Canonical Lineage
The governance-approved operational lineage for a release — the single authoritative record of context decisions, checkpoints, and approvals that produced a given release artifact.
Definition
Canonical lineage is the governance-approved, authoritative record of the operational lineage for a specific release. It is the single source of truth that documents: what context governed the release, which checkpoints were passed, which decisions were made, and who approved each governance gate.
The canonical lineage for a release is established at the time of certification. Once certified, it becomes the permanent, append-only record of how that release was produced.
Why It Matters
Without canonical lineage, a released artifact has no auditable history of the operational context that produced it. Engineers who encounter a production issue cannot determine whether the context used during development was governed or ad-hoc. The release has provenance in source control, but not in operational intent.
Canonical lineage provides the missing layer: the governed record of why the release was built the way it was, who approved each governance gate, and what constraints were in effect at the time.

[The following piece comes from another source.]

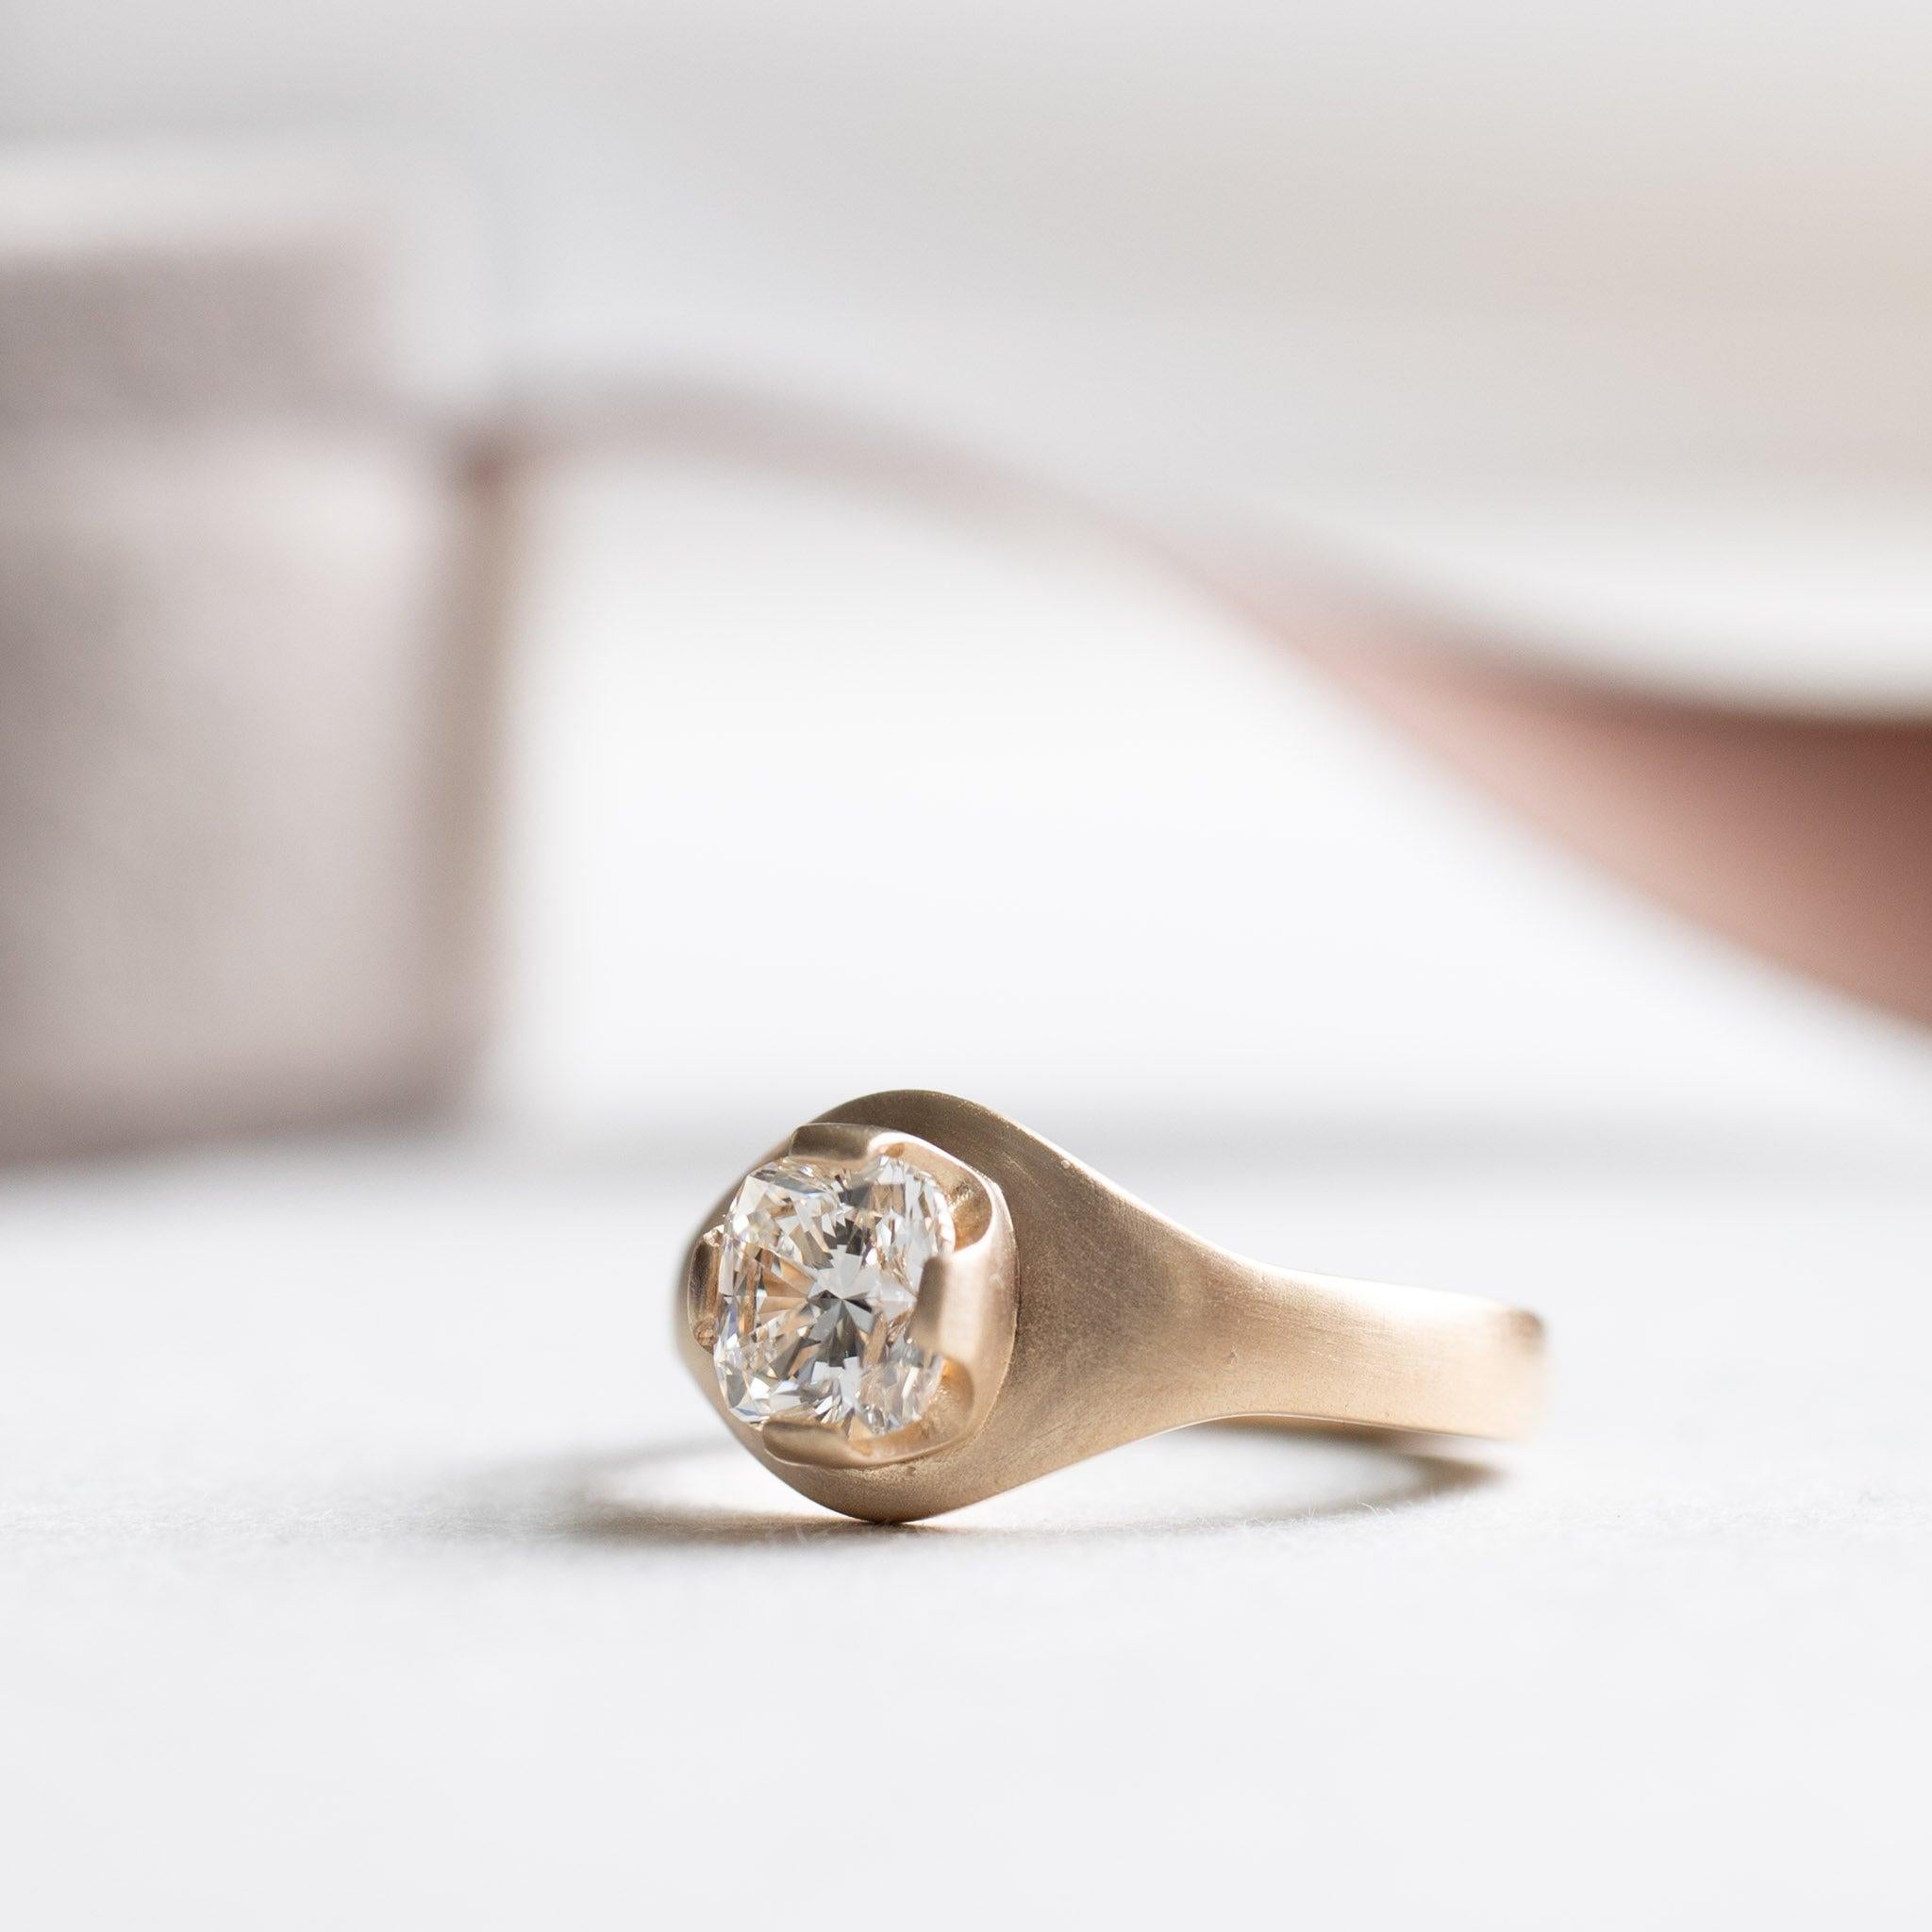 For Sale:  18 Karat Gold Diamond Signet Ring, GIA Certified 1 Carat Diamond Cocktail Ring 3

Distinction from Operational Lineage
Operational lineage is the running record of context decisions during development — it accumulates throughout the engineering session.
Canonical lineage is a specific, governance-approved subset of operational lineage that is certified as the authoritative record for a release. Not all operational lineage becomes canonical. Only lineage that has passed certification and convergence validation is promoted to canonical status.
Relationship to Promotable Lineage
Promotable lineage is a prerequisite for canonical lineage. Lineage becomes promotable when it has passed certification. It becomes canonical when it is formally approved and attached to a specific release artifact.
In Yanzi
Yanzi’s release certification process produces a canonical lineage document for each certified release. This document is stored as an append-only artifact in the corpus, linked to the release version hash.